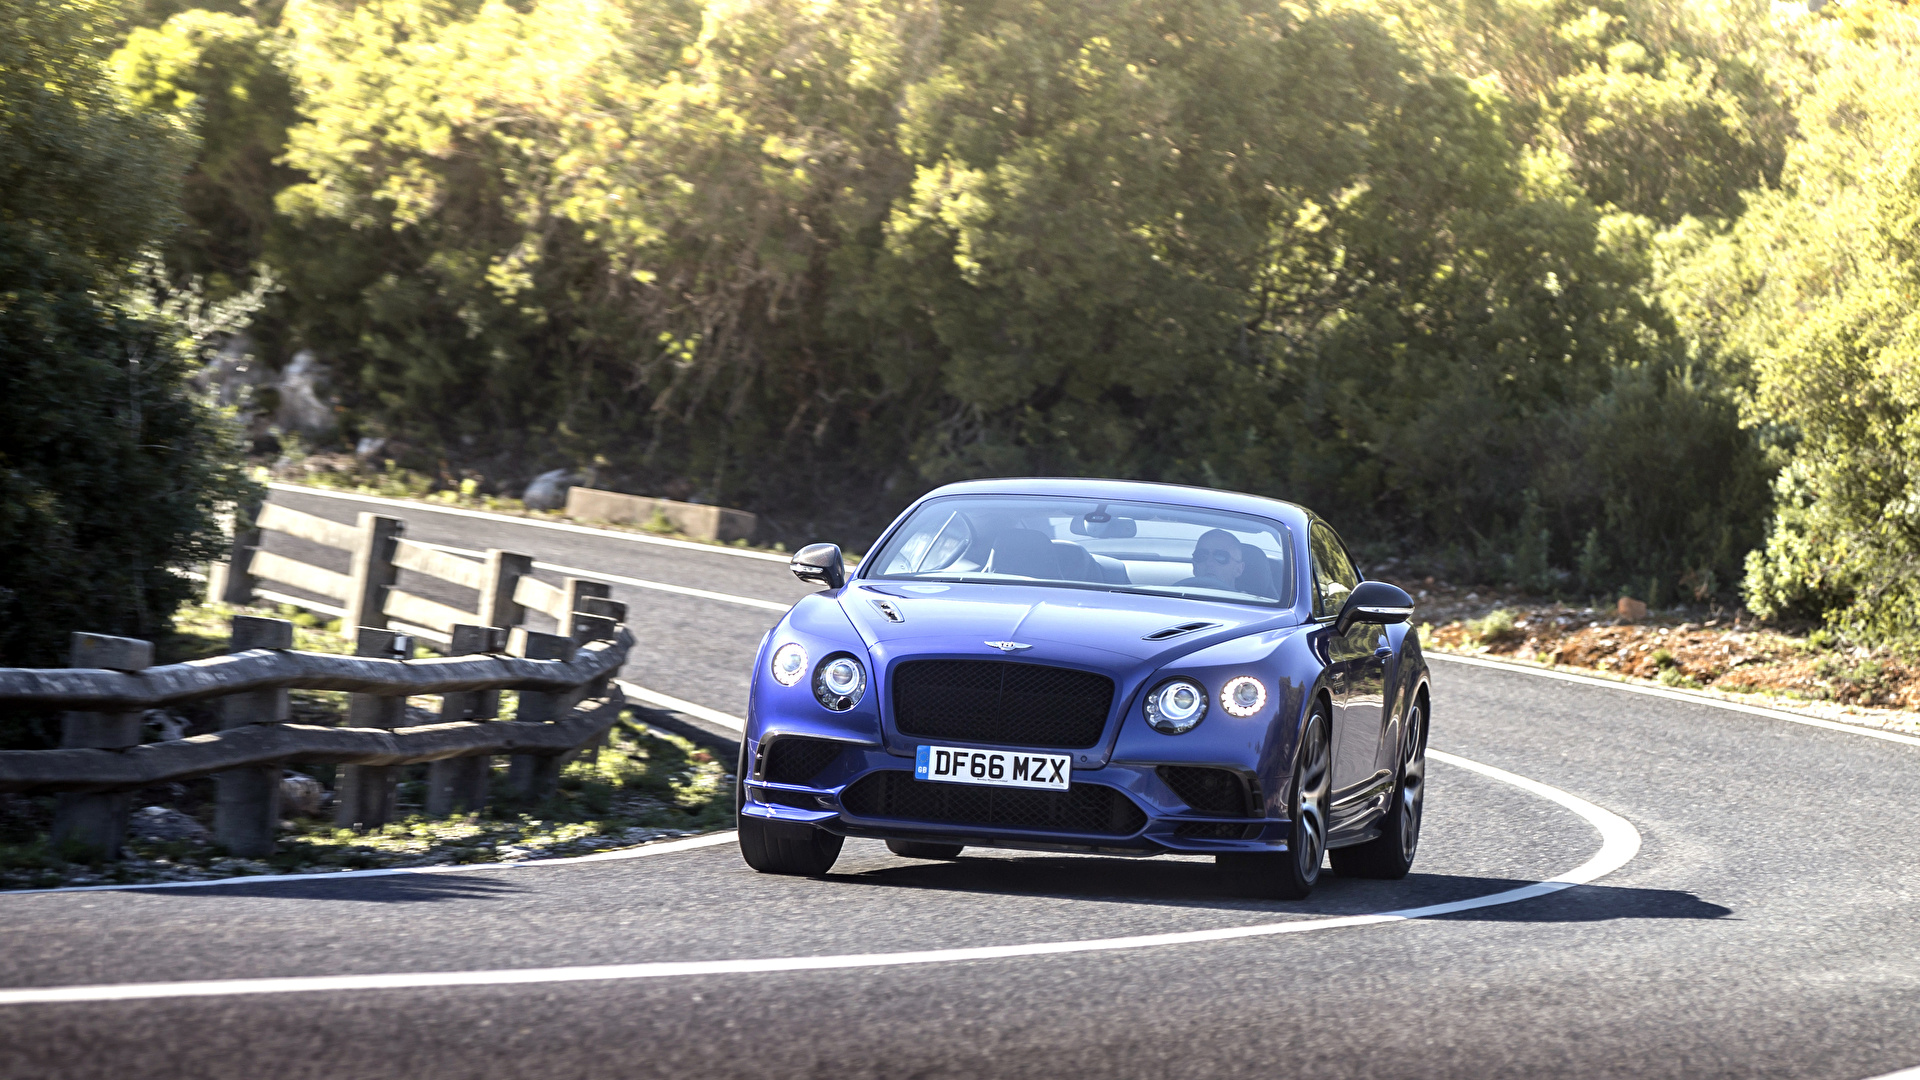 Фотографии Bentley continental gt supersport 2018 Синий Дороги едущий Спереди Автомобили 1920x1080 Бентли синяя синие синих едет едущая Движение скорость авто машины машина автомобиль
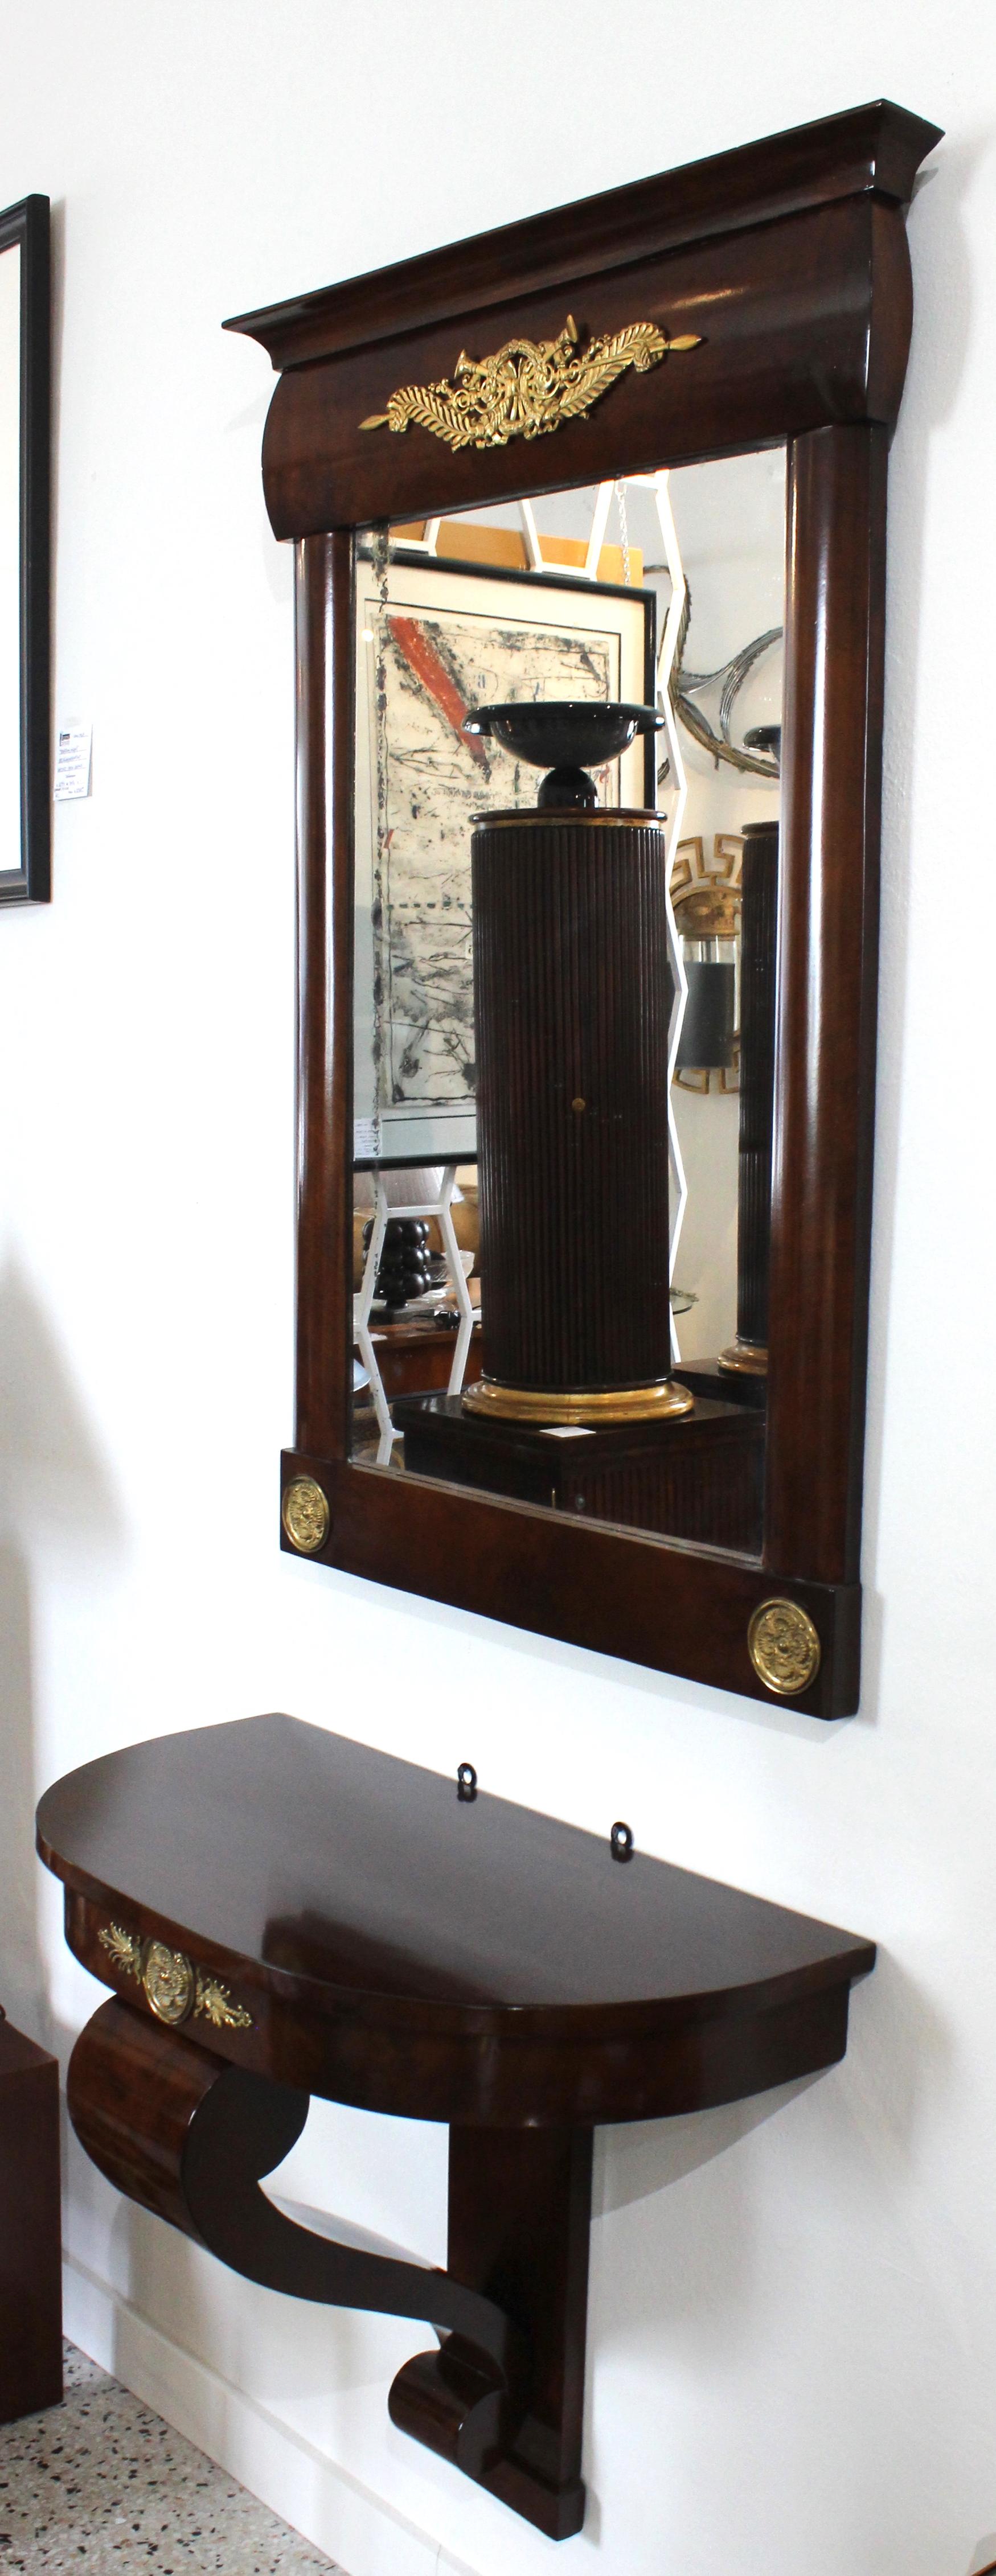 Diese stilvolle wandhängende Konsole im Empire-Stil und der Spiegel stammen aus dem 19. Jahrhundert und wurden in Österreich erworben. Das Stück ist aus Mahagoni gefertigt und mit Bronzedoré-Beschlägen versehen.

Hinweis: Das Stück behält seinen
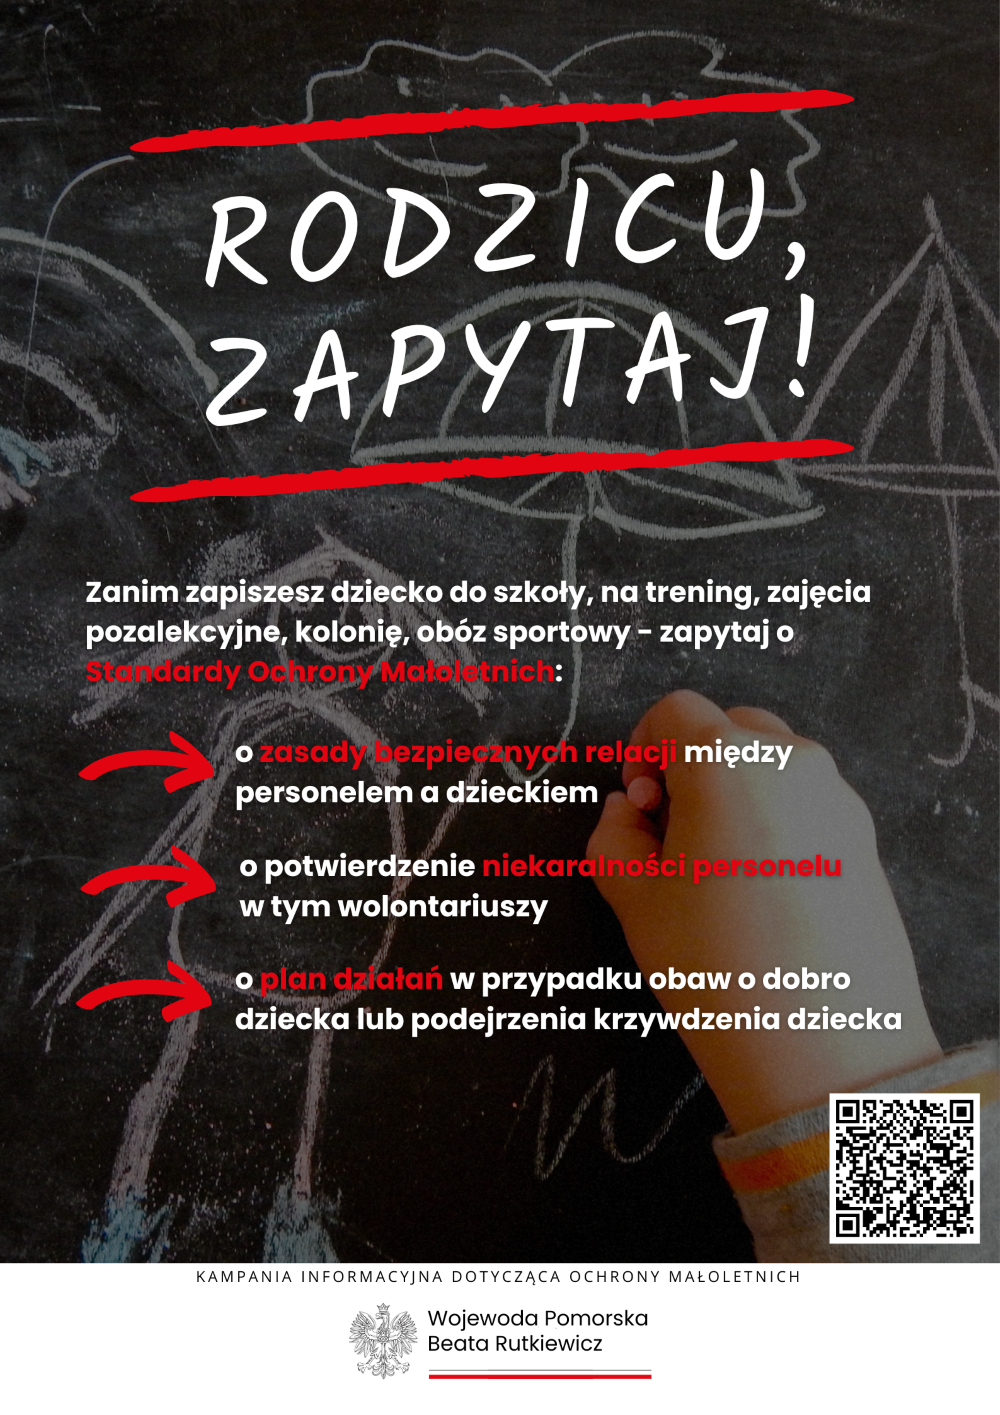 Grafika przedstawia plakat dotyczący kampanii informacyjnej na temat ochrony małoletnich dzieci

----------

> **DIRECTIONS**: Every line of the material above must be written out exactly, with no pictures.

> **RESPONSE BELOW**:
 Фотографии Bentley continental gt supersport 2018 Синий Дороги едущий Спереди Автомобили 1920x1080 Бентли синяя синие синих едет едущая Движение скорость авто машины машина автомобиль
 Diese stilvolle wandhängende Konsole im Empire-Stil und der Spiegel stammen aus dem 19. Jahrhundert und wurden in Österreich erworben. Das Stück ist aus Mahagoni gefertigt und mit Bronzedoré-Beschlägen versehen.

Hinweis: Das Stück behält seinen
 Grafika przedstawia plakat dotyczący kampanii informacyjnej na temat ochrony małoletnich dzieci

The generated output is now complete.